◆ Task
Apart from the pictures, return every line of the listing exactly.

◆ Source material
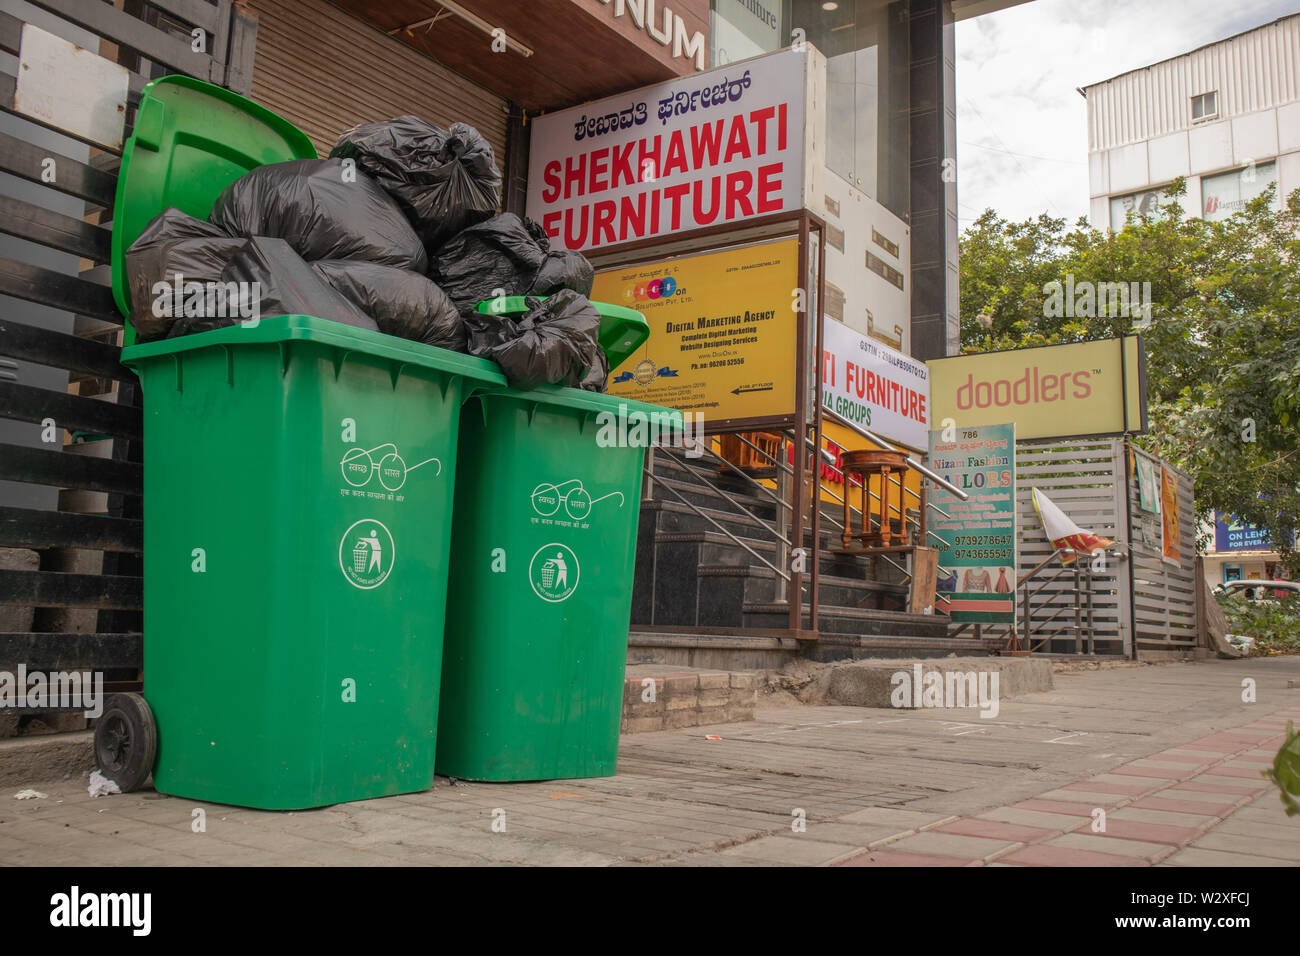 https://c8.alamy.com/comp/W2XFCJ/bengaluru-india-june-27-2019-green-big-trash-box-with-swachh-bharat-printed-on-them-green-litter-located-on-the-road-side-of-the-bengalore-W2XFCJ.jpg
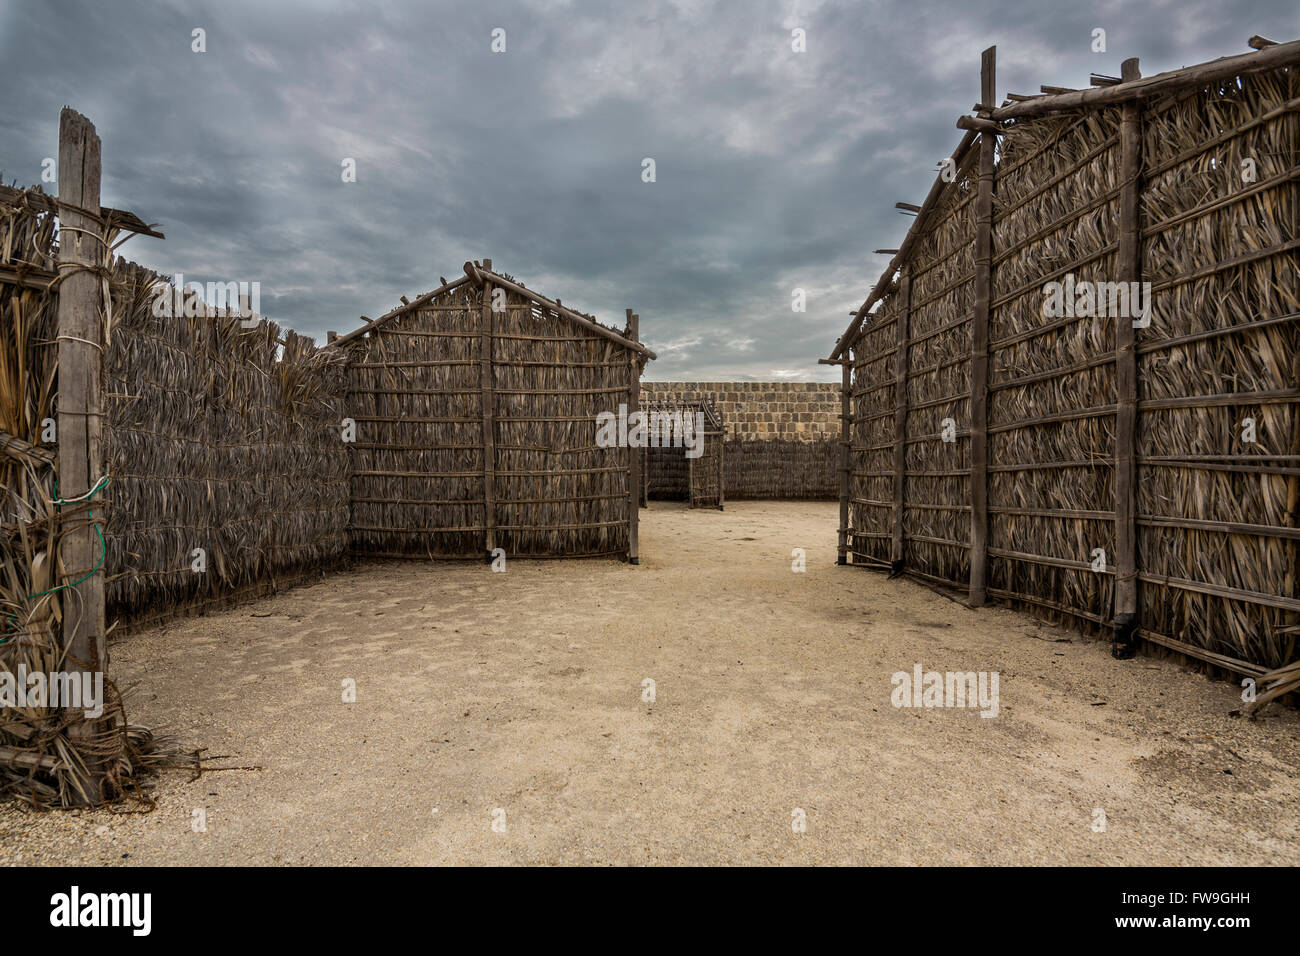 arish or barasti huts, Qal'at al-Bahrain, also known as the Bahrain Fort Stock Photo
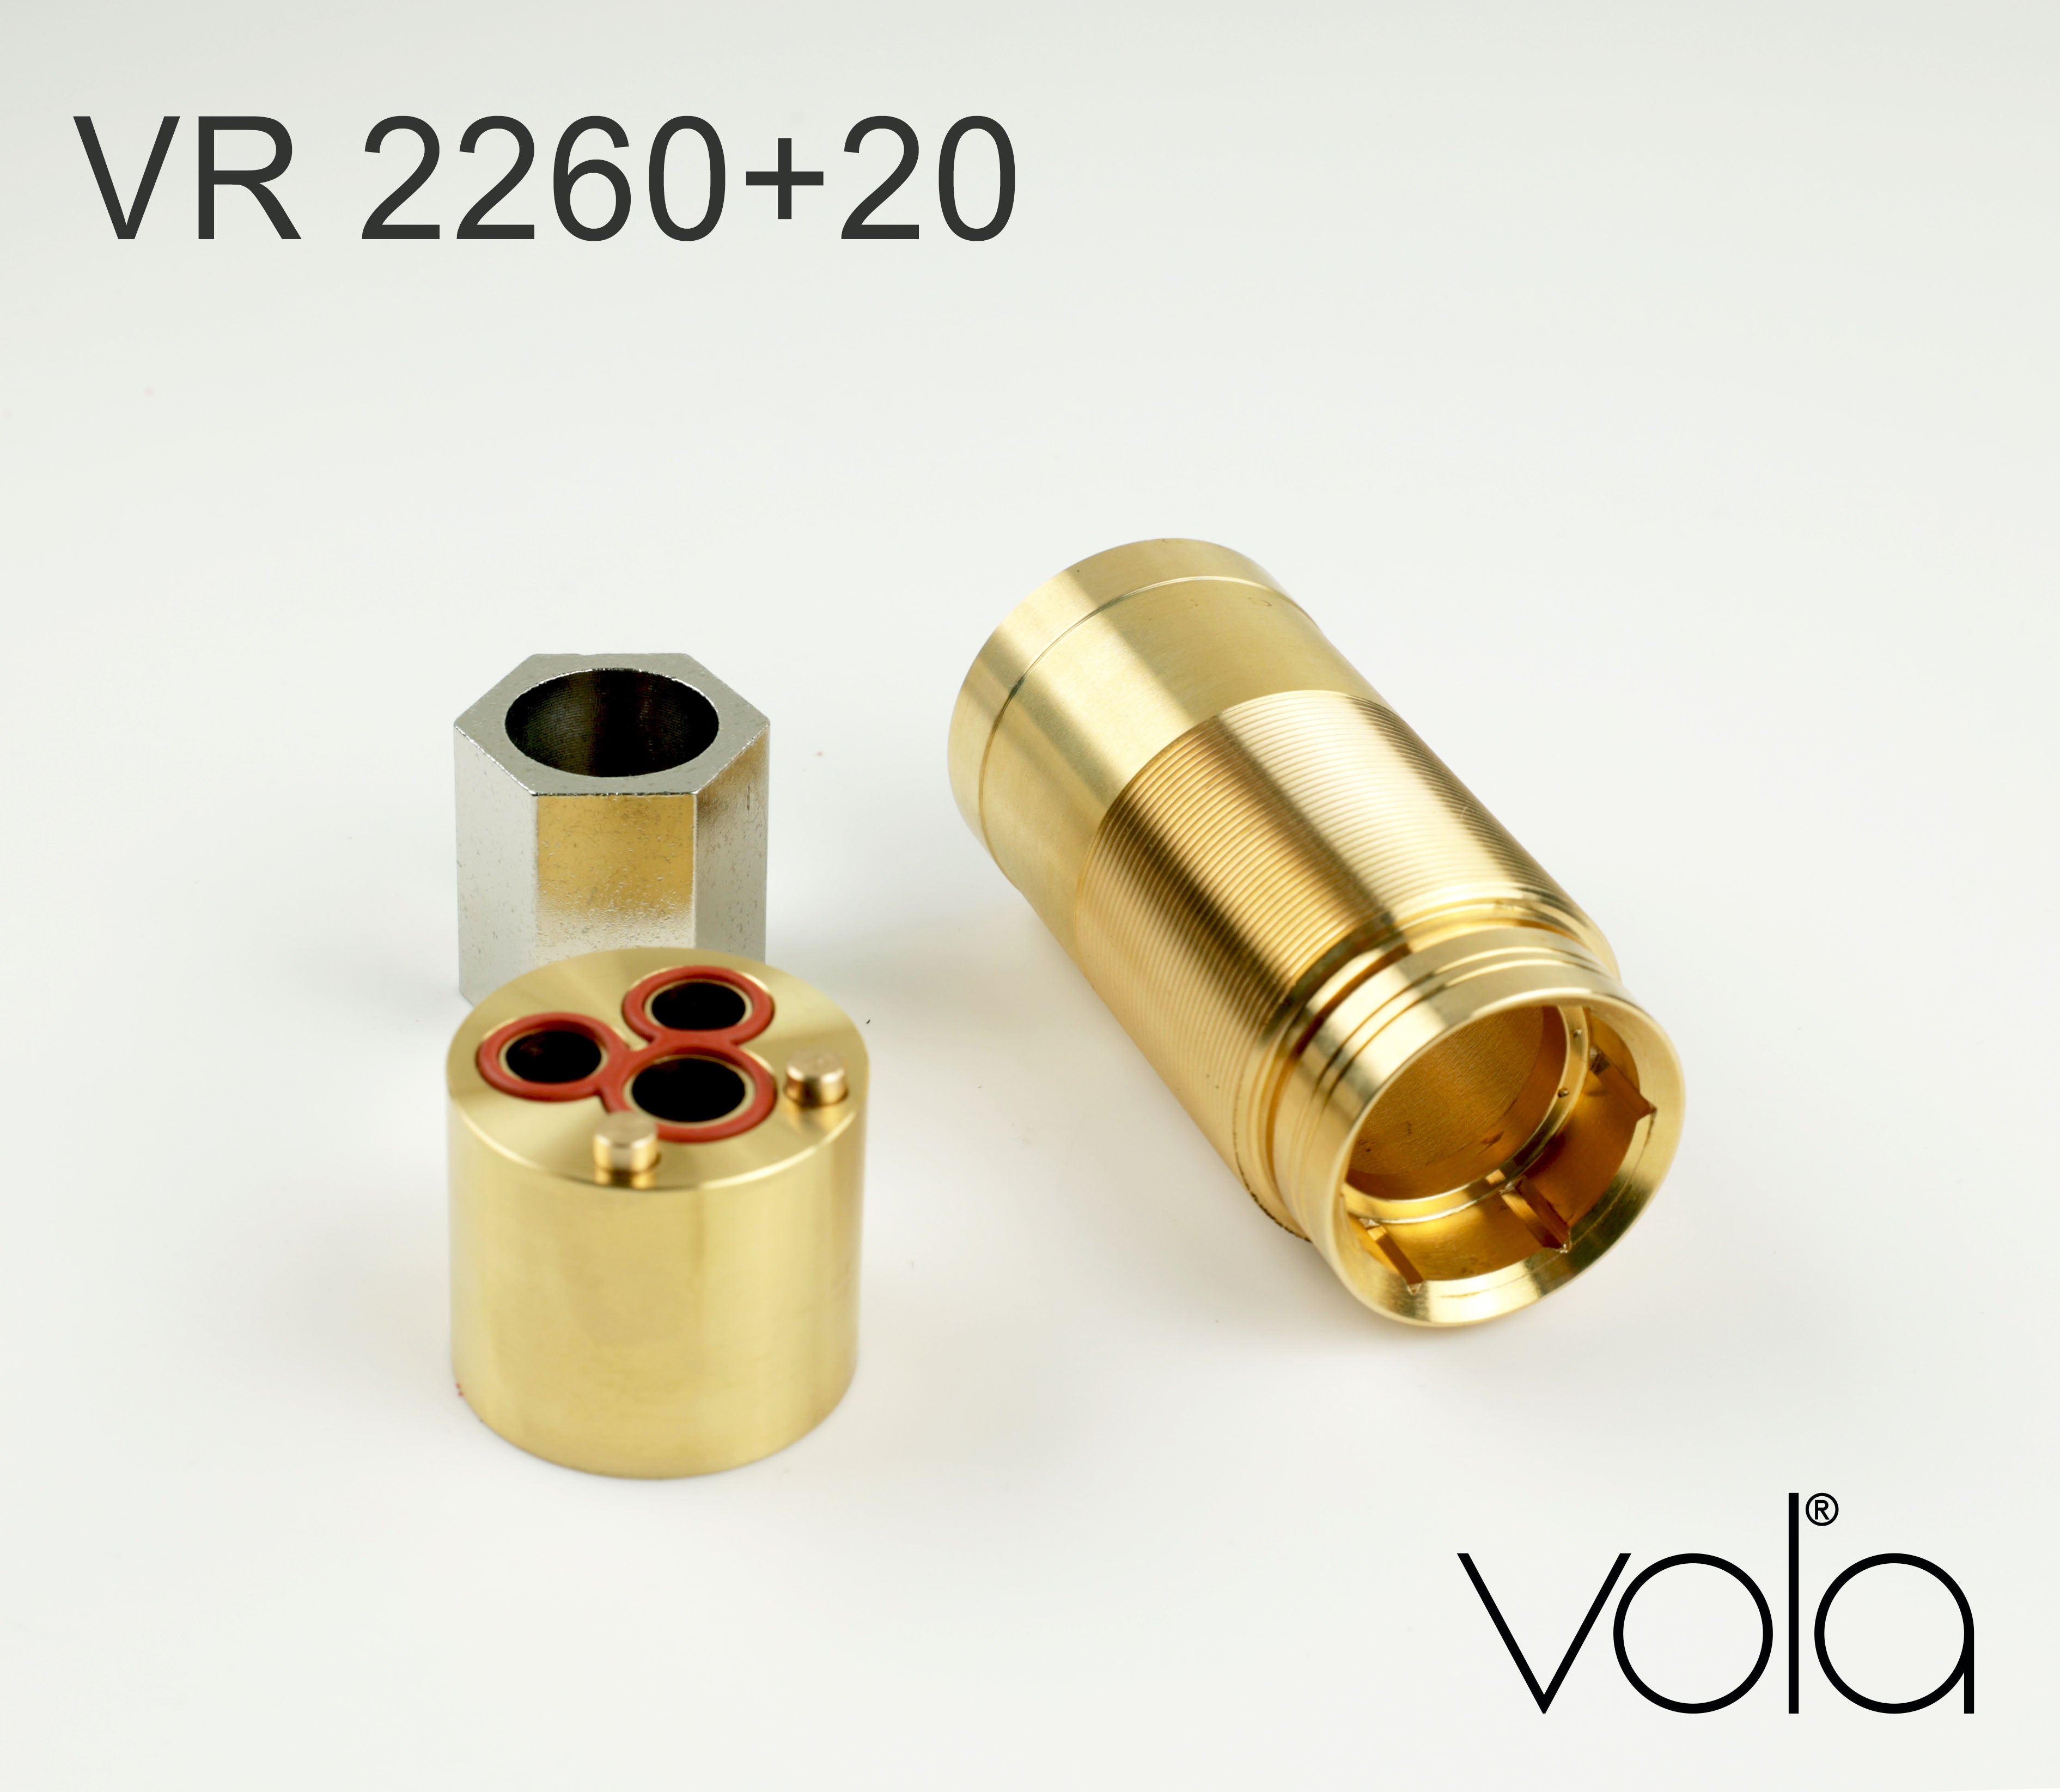 VOLA VR2260+20

◆ Solution for this task
 https://c8.alamy.com/comp/W2XFCJ/bengaluru-india-june-27-2019-green-big-trash-box-with-swachh-bharat-printed-on-them-green-litter-located-on-the-road-side-of-the-bengalore-W2XFCJ.jpg
 arish or barasti huts, Qal'at al-Bahrain, also known as the Bahrain Fort Stock Photo
 VOLA VR2260+20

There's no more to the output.